RISPOSTA: Io credo che indubbiamente il non controllo sull’immigrazione... È un argomento delicato sul quale mi sto muovendo con i piedi di piombo, perché è facile cadere nell’equivoco. Io sono totalmente contrario ai respingimenti e a tutto quello che avviene come difesa, perché parto dal presupposto che, diversamente da quello che avveniva con la nostra emigrazione, che in fondo era di centinaia di migliaia di persone e qui ti fermi, qui ci troviamo di fronte ad una emigrazione di carattere epocale, di carattere biblico, e tentare di arrestare milioni e milioni di persone, gente che scappa dalla propria patria, con i fili spinati o con i respingimenti, è sciocco, cretino e assurdo. E’ un problema, come giustamente viene detto, che non è che deve semplicemente impegnare l’Italia, perché l’Italia è, come dire, il porto d’arrivo, ma è un problema che investe tutta intera l'Europa nei 27 paesi che la compongono,.ecco, e sin quando non ci si mette d’accordo o si fa lo gnorri, facendo finta di non sentire, il guaio sarà grosso. Però credo che l’atteggiamento dei siciliani sia diverso. Facciamo un’ipotesi: che tutti noi siciliani ce ne andassimo della Sicilia e arrivassero i veneti e i lombardi: voi pensate che (gli immigrati) avrebbero la stessa accoglienza che hanno in Sicilia attualmente? Io dico di no, lo dico sinceramente perché è un tipo di mentalità completamente diversa; noi lo siamo stati quasi in maggioranza, loro lo sono stati in minoranza, in minima parte, non hanno questo senso dell’accoglienza. Devo dire che c’è una piazza in un paese siciliano che si chiama “Il giro di boa” come il mio romanzo, il paese dove accolsero i morti, i cadaveri di quelli che… Quindi credo ci sia una disposizione maggiore, però c’è da tenere presente che quando sbarcano in Sicilia sbarcano in un paese povero, in una regione dell’Italia abbastanza priva di possibilità, di risorse per loro. Comunque è un problema che va affrontato con serenità, senza odio razziale e soprattutto con un larghissimo sguardo sul futuro.

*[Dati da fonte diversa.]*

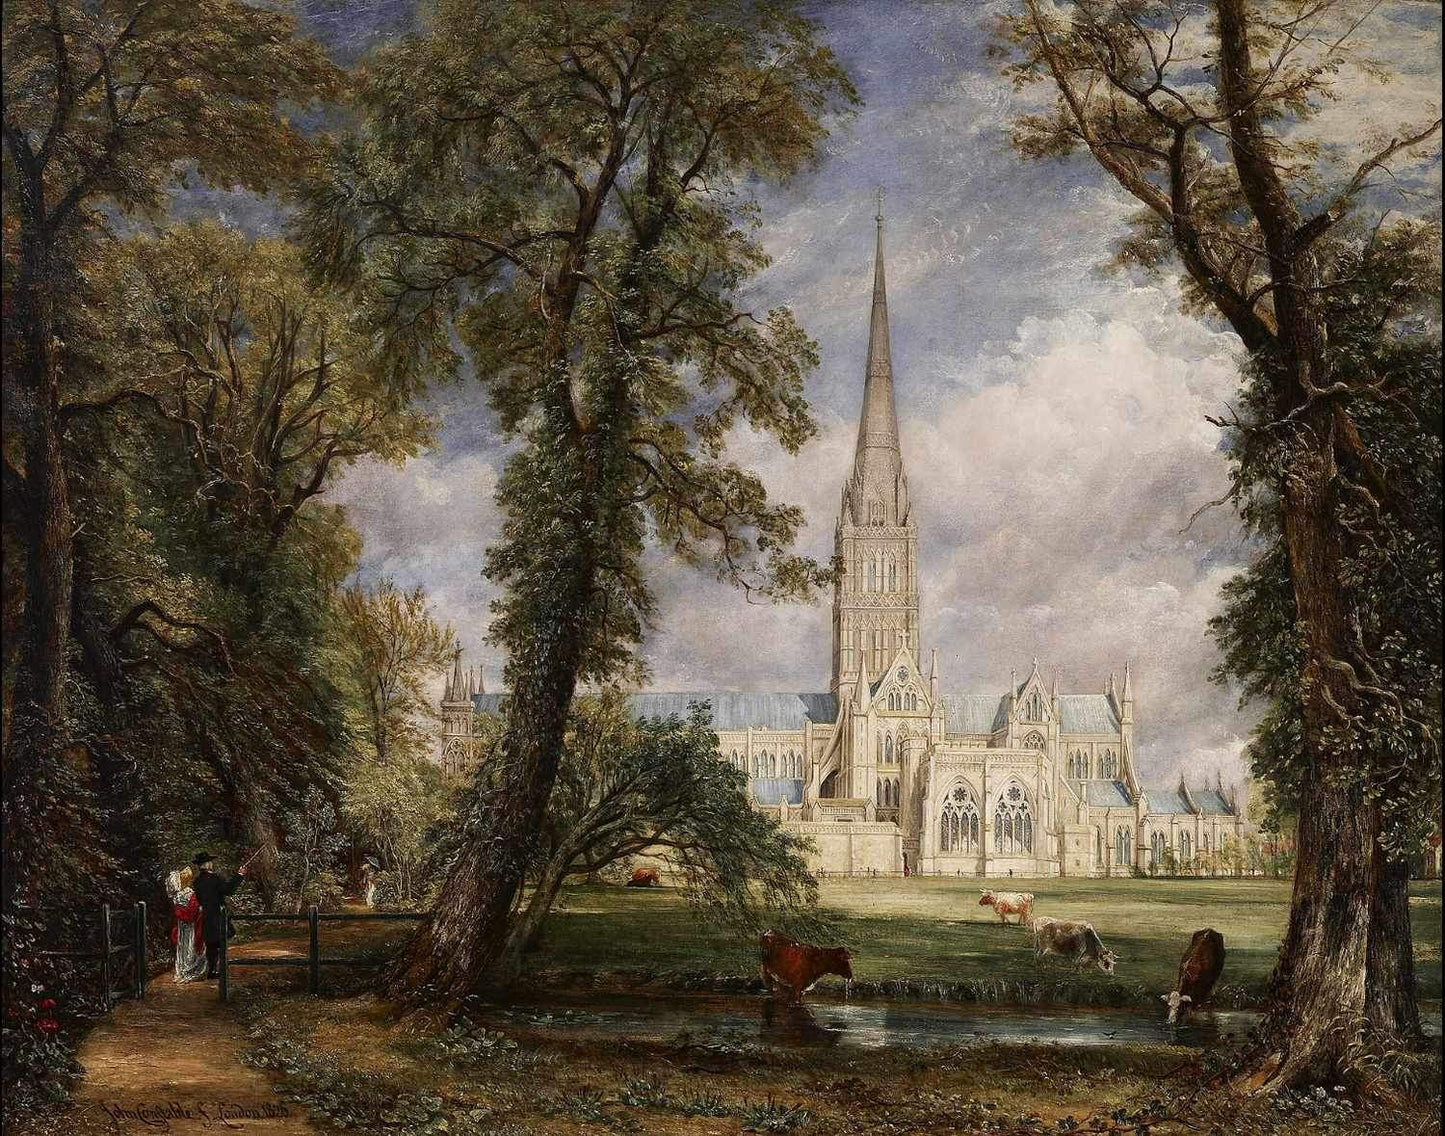 Salisbury Cathedral from Bishop's Grounds, John Constable
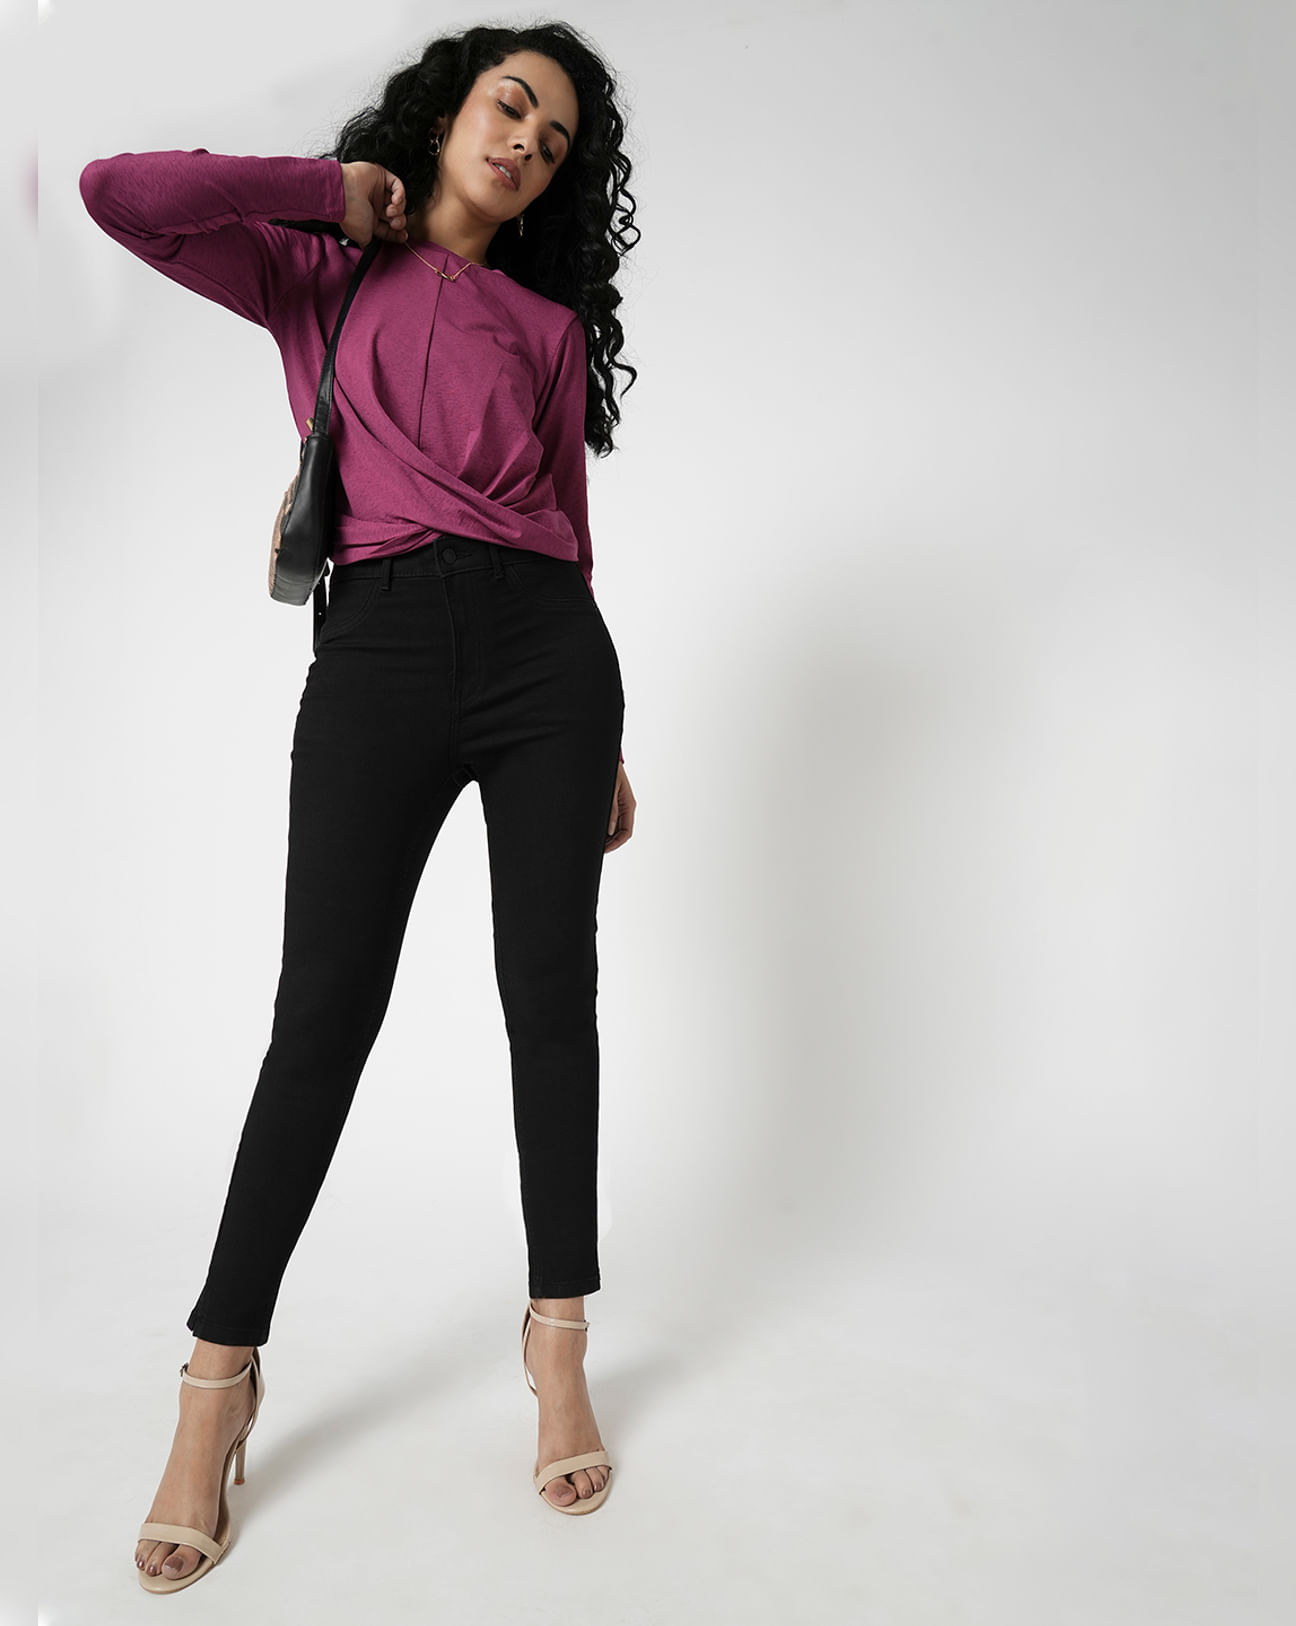 Buy SPANX® Medium Control Jean Ish Shaping Skinny Jeggings from Next India

DOMANDA: Un’ultima cosa: di fronte alle continue notizie di barconi, di cadaveri, in questo mare di Sicilia, in questo canale che è il tuo mare, il mare di Porto Empedocle, qual è ogni volta la tua sensazione, il tuo pensiero?

RISPOSTA: Un pensiero di strazio, perché vedi, mi è capitato, da tre anni a questa parte, di essere il presidente di una commissione che fa parte dell’organizzazione dell’ONU per i rifugiati politici, quella che ha come portavoce in Italia la signora Laura Boldrini. E ogni anno io premio gli equipaggi dei tre motopescherecci siciliani che hanno più di tutti salvato vite in mare, perdendo giornate di lavoro, rischiando il sequestro del peschereccio... Bene, provo molto dolore per quello che c’è dietro questo premio, ma non ti nascondo che sono molto orgoglioso di premiare gli equipaggi siciliani, molto orgoglioso.


Dopo la pubblicazione su questo sito, il testo è stato pubblicato anche sul fascicolo n. 2 (dicembre 2012) della rivista Nuova Busambra.